Everything else can be replaced. Like Roma says in Glengarry Glen Ross, “All it is is things that happen to you.”

So long, Don

Don Herbert, Mr. Wizard of my childhood, has passed away. When I was about nine years old, my hometown television station replaced Herbert’s show with some humdrum public affairs program: I fired off a snarky note to the editor of the TV section of the Dayton Daily News, and got it published. (My first and last effort at grassroots activism, and of course it didn’t have any effect.) Here’s hoping that there’s a Van de Graaff generator wherever you are, Mr. Wizard.

(Link via Boing Boing.)

Just the work

Conceptual artist Sol LeWitt has left us.

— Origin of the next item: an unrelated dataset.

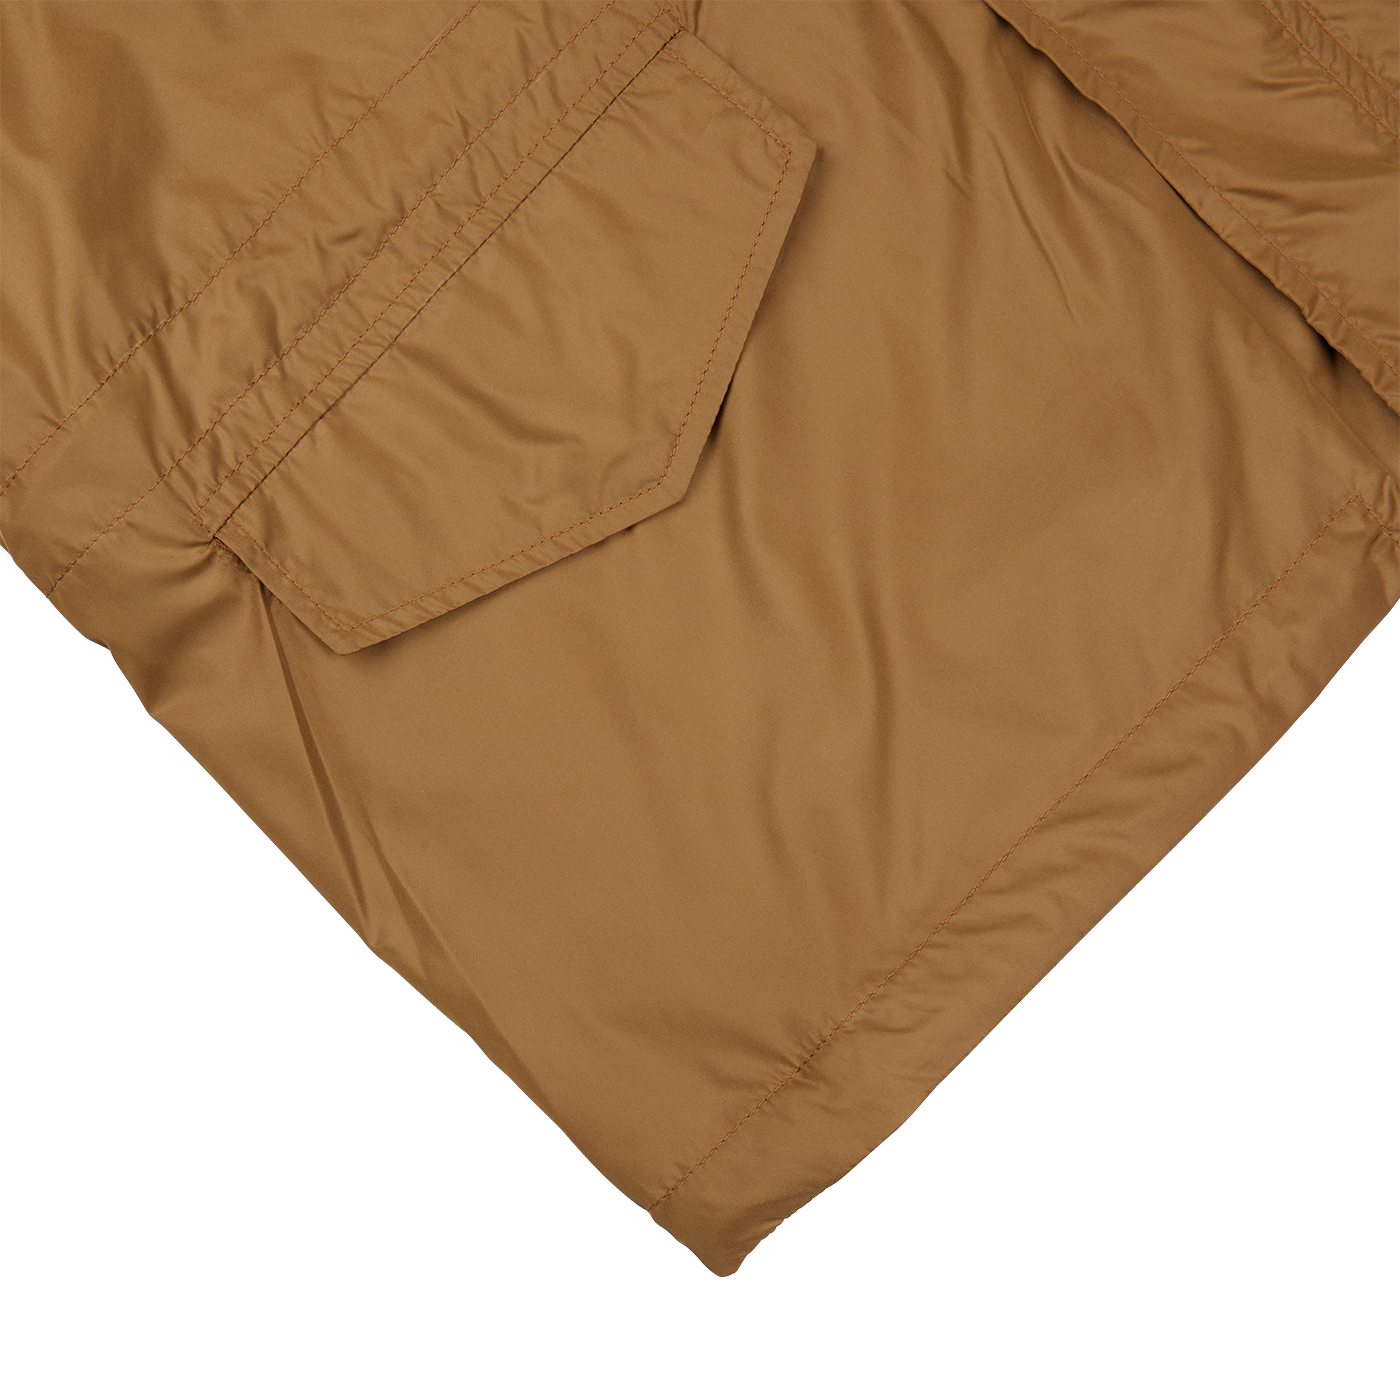 A Amber Brown Recycled Nylon Field Jacket with pockets, perfect for outdoor activities. Brand: Aspesi

From Michael Kimmelman’s obit:

To the sculptor Eva Hesse, he once wrote a letter while she was living in Germany and at a point when her work was at an impasse. “Stop it and just DO,” he advised her. “Try and tickle something inside you, your ‘weird humor.’ You belong in the most secret part of you. Don’t worry about cool, make your own uncool.” He added: “You are not responsible for the world—you are only responsible for your work, so do it. And don’t think that your work has to conform to any idea or flavor. It can be anything you want it to be.”